See output from small to big, think of this possibility by the priority queue and enumeration resolved, begin to try
The easiest way is to have each and violence to go into, but will properly properly timed out
The next two optimization methods
The first: selectively go into
It is easy to think of these two series become
\(B_1+A_1,B_1+A_2,B_1+A_3,B_1+A_4 ... B_1+A_{n-1},B_1+A_n\)
\(B_2+A_1,B_2+A_2,B_2+A_3,B_2+A_4 ... B_2+A_{n-1},B_2+A_n\)
......
\(B_n+A_1,B_n+A_2,B_n+A_3,B_n+A_4 ... B_n+A_{n-1},B_n+A_n\)
Such a sequence of n, because the topic that \ (A_i \ A_ Leq. 1} + {I \) \ (B_i \ Leq B_. 1} + {I \) , guarantees the monotonicity sequence
It might be a first sequence number of each stack into a first
Thus as long as the number n of the i-th sequence into the stack after the first output number i + 1
Complexity is \ (O (n \ log \ n) \) level, may be too
\(code:\)
#include<bits/stdc++.h>
using namespace std;
inline int redn() { // 快读
int ret = 0;
char ch = getchar();
while(ch<'0'||ch>'9') ch=getchar();
while(ch>='0'&&ch<='9') {ret = ret*10+ch-'0';ch=getchar();}
return ret;
}
int n,cnt(0);
int a[(int)1E5+7],b[(int)1E5+7];
priority_queue<pair<int,int>,vector<pair<int,int> >,greater<pair<int,int> > > q; // 懒人STL
int main() {
n = redn();
for(int i=1;i<=n;++i) a[i] = redn();
for(int i=1;i<=n;++i) b[i] = redn(),q.push(make_pair(a[1]+b[i],1));
while(++cnt<=n) {
printf("%d ",q.top().first);
int cur = q.top().second;
int pls = q.top().first;
q.pop();
if(cur+1<=n) q.push(make_pair(pls-a[cur]+a[cur+1],cur+1));
}
return 0;
}The second: to reduce the number of enumeration
Very violent
The above sequence has become
\(B_1+A_1,B_1+A_2,B_1+A_3,B_1+A_4 ... B_1+A_{n-1},B_1+A_n\)
\(B_2+A_1,B_2+A_2,B_2+A_3,B_2+A_4 ... B_2+A_{n-1},B_2+A_n\)
......
\(B_n+A_1,B_n+A_2,B_n+A_3,B_n+A_4 ... B_n+A_{n-1},B_n+A_n\)
So we have to think about
For each \ (B_i \) , if the \ (B_ {i-1} \) already before it and \ (K \) a \ (A_i \) and counted, then must satisfy \ (B_i + A_k \ geq B_ {i-1} + a_k \)

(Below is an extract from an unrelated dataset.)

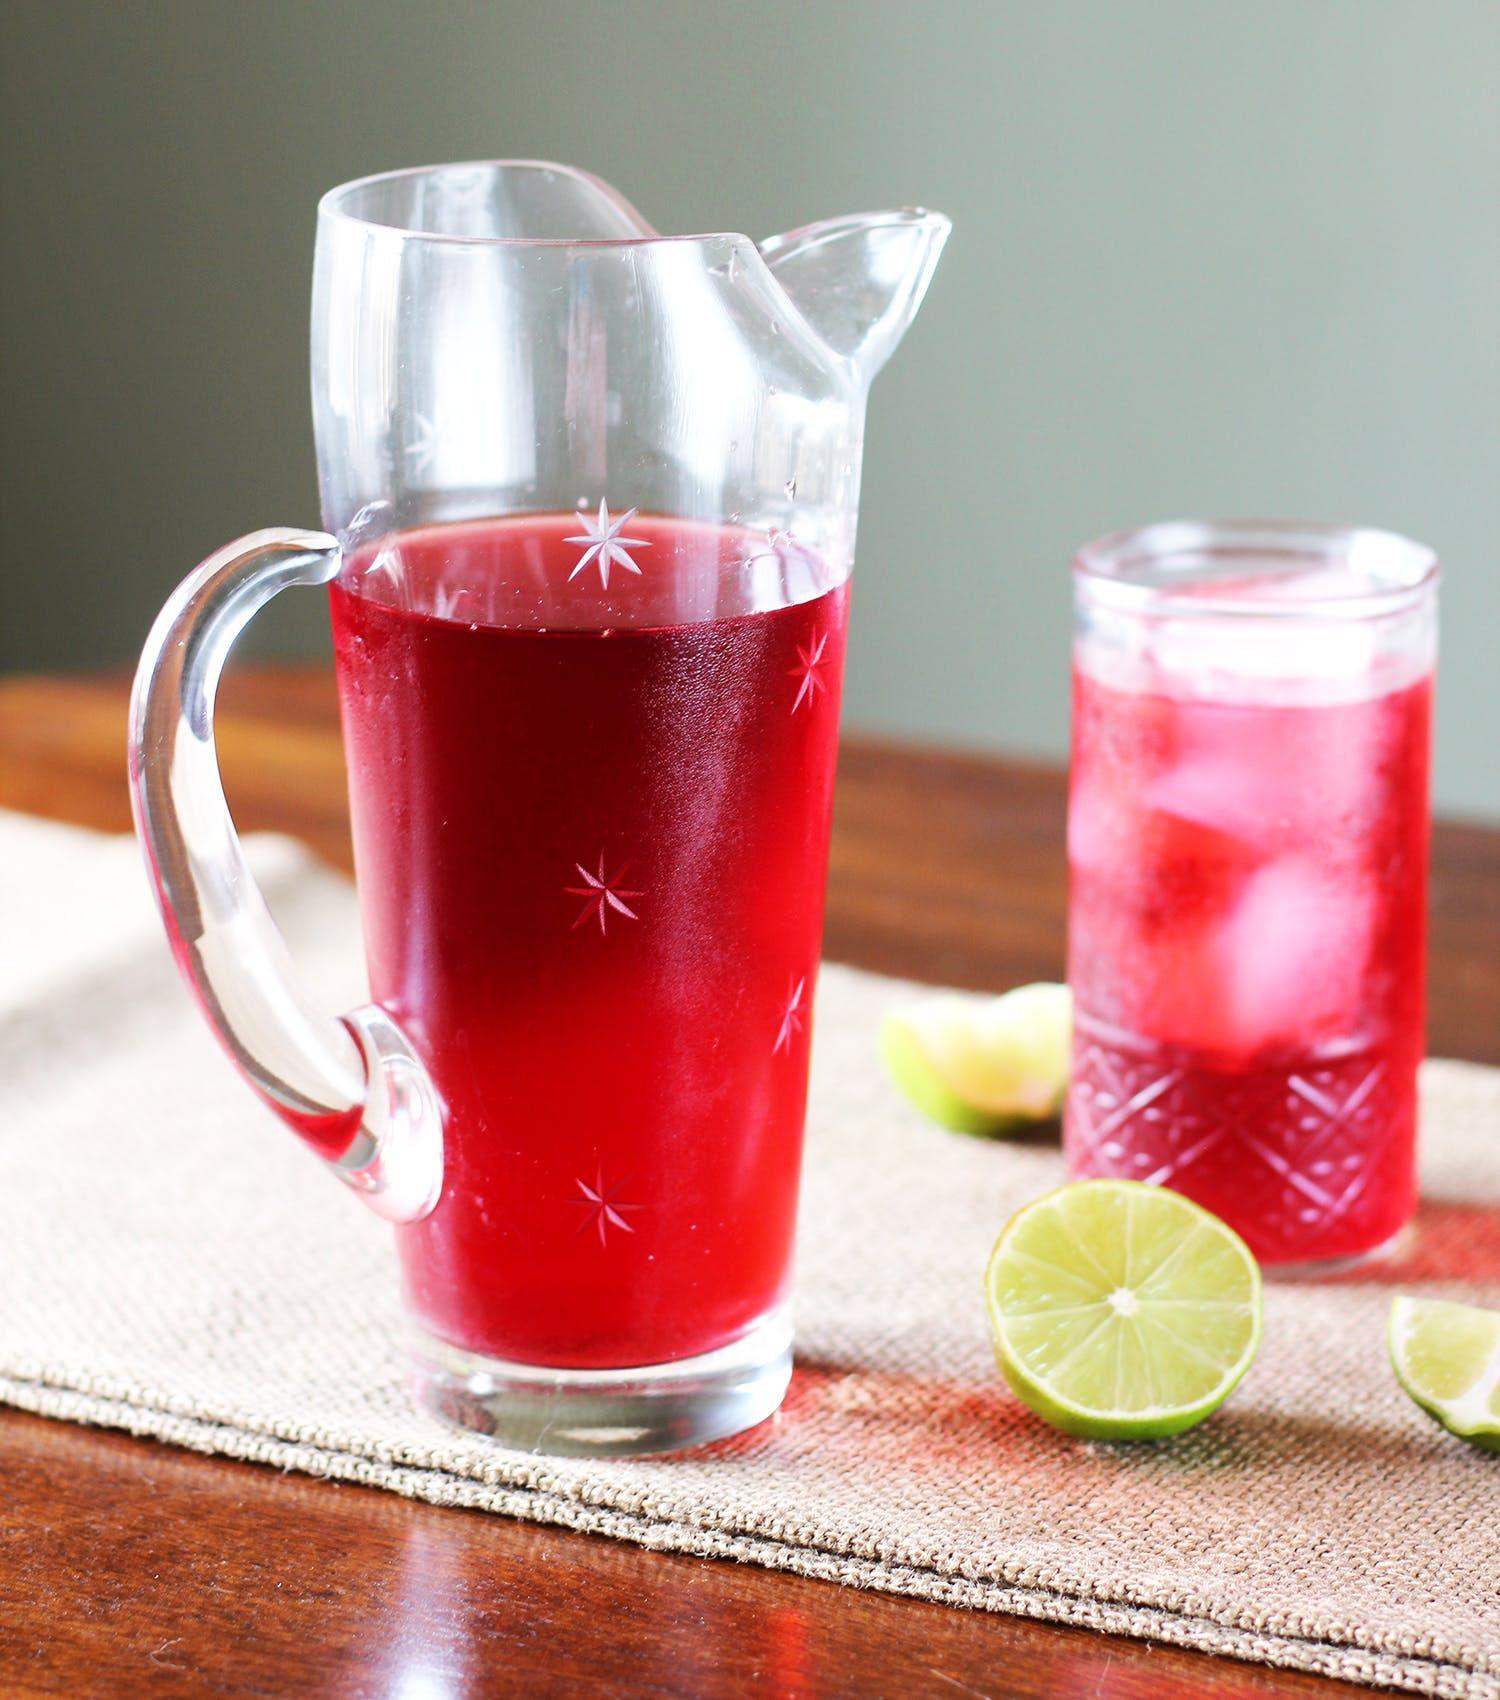 Cold brew jamaica hibiscus iced tea recipe cold brew iced tea cold brew jamaica hibiscus iced tea izmirmasajfo Choice Image
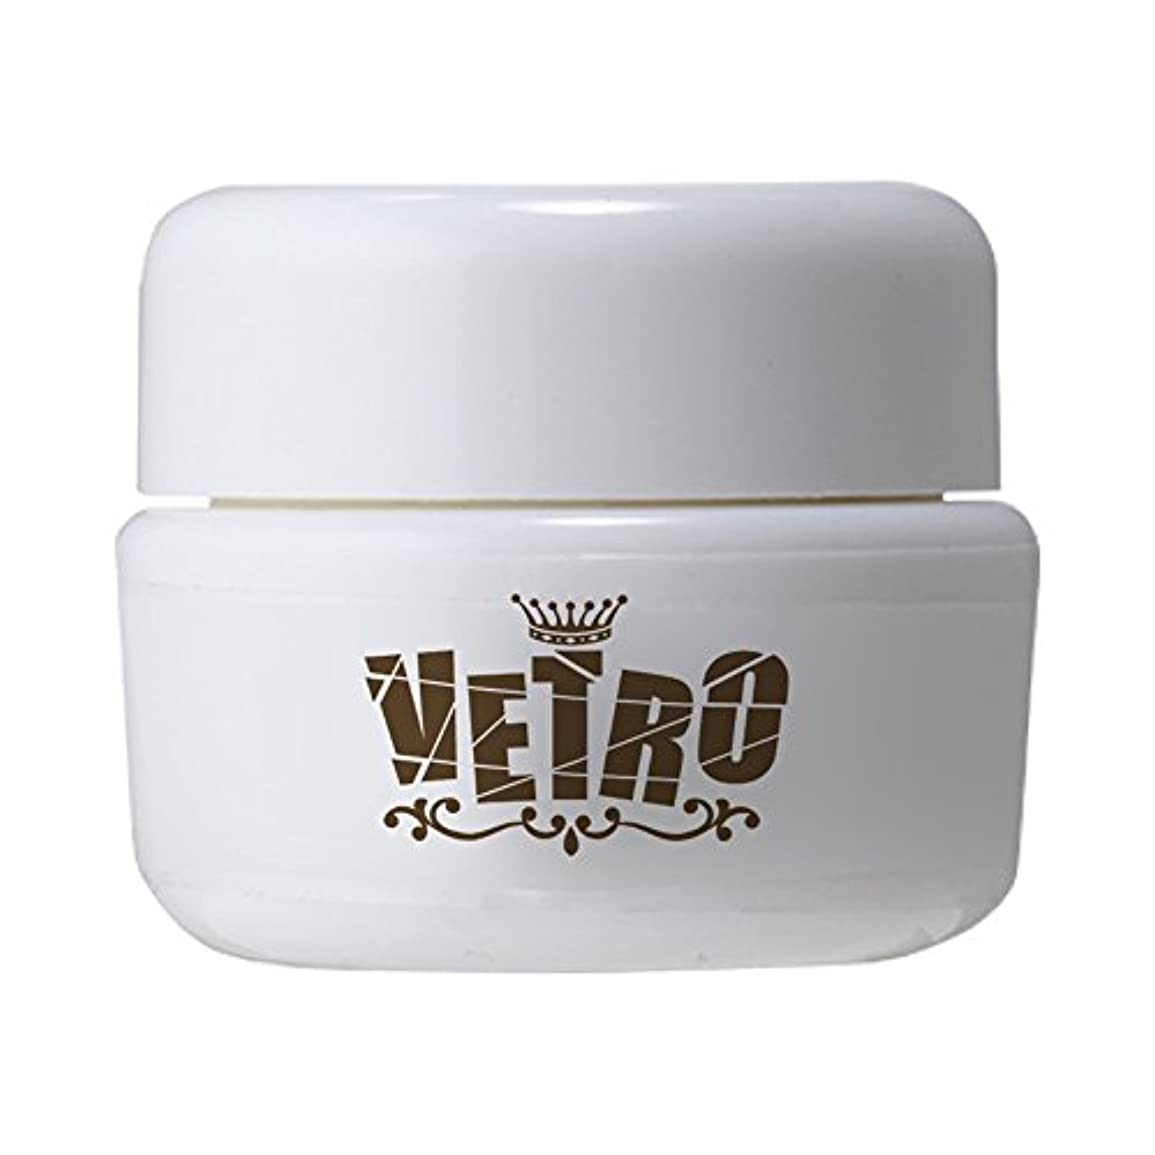 VETRO No.19 カラージェル マット VL055 ホワイト 4ml

Therefore, just before the sequence will begin our {B_i} (n-i + 1 \) \ number into the stack to
The time complexity is probably \ (O (n \ log ^ 2 \ n) \) levels, barely had experienced
\ (code \) will not give up
Function value the smallest Luogu P2085
Description meaning of the questions:
For \ (n-\) functions \ (f_i (x) = a_i \ times x ^ 2 + b_i \ times x + c_i \) each a positive integer (X \) \ function values obtained, the smallest output \ (m \) th
Almost keep up with the title, just the sequence of function value becomes constituted
\ (F_1 (1), F_1 (1), F_1 (1), F_1 (1), ..., F_1 (inf) \)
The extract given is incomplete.